The majority opinion, by Justice John Cannon Few, acknowledged Justice Kittredge’s concerns and cited “the sanctity of a jury’s verdict.” But the majority nevertheless decided Judge Toal was justified in disregarding the jury’s decision based on evidence presented at trial.
Plaintiff Beverly Dale Jolly was an inspector at Duke Energy nuclear plants between 1980 and 1984 who was diagnosed with mesothelioma, a cancer of the chest lining associated with asbestos exposure, in 2019. He sued a number of companies including Fisher Controls and Crosby Valve, claiming he was exposed to asbestos powder from crews who were grinding flanges around him.
Jolly and his wife settled with other defendants for $2.3 million before trial. The jury ordered Fisher and Crosby to pay him $200,000 and his wife $100,000 for loss of consortium. Judge Toal considered that too little and increased the award more than sixfold to $1.9 million, offering the defendants either accepting the higher amount or submitting to a new trial.
Judge Toal was allowed to rely on an expert’s estimate of $142,000 in medical bills even though Jolly didn’t provide any documentation to support it. Given the other defendants agreed to pay $2.3 million, the majority said, the jury awards clearly “started at a point that was quite low.”
The defendants also appealed Judge Toal’s decision allowing the Jollys to unilateral designate a third of the $2.3 million in prior settlements as payments toward an expected wrongful death case after he dies. The defendants said this violated state law requiring courts to reduce damages a company must pay by the amount the plaintiff already obtained in other settlements.
Judge Toal ruled the wrongful-death claim was different than the claims Fisher and Crosby were found liable for.

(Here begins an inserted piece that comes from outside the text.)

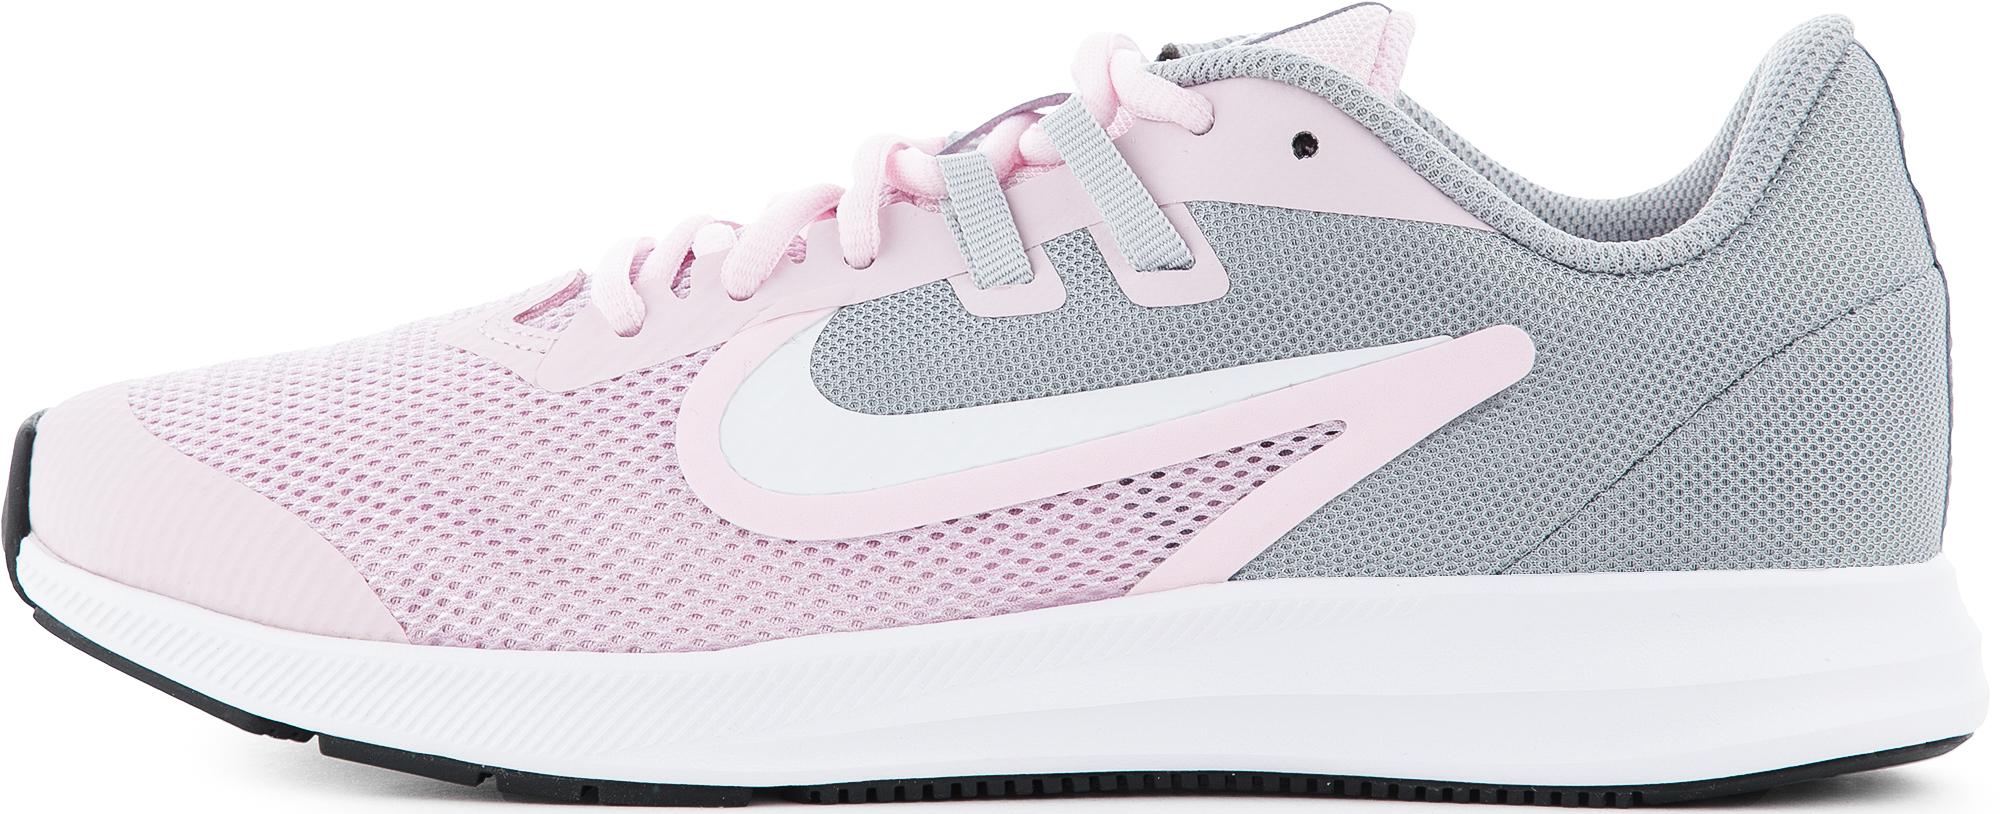 Nike Кроссовки для девочек Nike Downshifter 9 (Gs), размер 37,5 недорго, оригинальная цена

Justice Kittredge criticized this as misreading state law on such set-asides. It is fine for a plaintiff to make such allocations in a written settlement agreement, he wrote. But the statute says any allocation must be “stipulated in the release.”
“A plaintiff will naturally desire to apportion a settlement to his advantage, and the law does not frown upon it,” he wrote. “That is a far cry from waiting to see what the verdict is before creating an allocation.”
Judge Toal has a history of making pro-plaintiff rulings in asbestos cases and has long frustrated defendants who say they can't get a fair shake in her court. On at least one occasion, she invoked the state's "13th Juror" doctrine and ordered a new trial after not agreeing with the jury's verdict.
This happened after the jury ruled for a defendant Toal made unable to mount most of its defenses because documents were destroyed in a fire.
The Jollys were represented by Dean Omar Branham Shirley, a Dallas law firm that has brought a large number of asbestos cases to South Carolina since Judge Toal was assigned the docket there.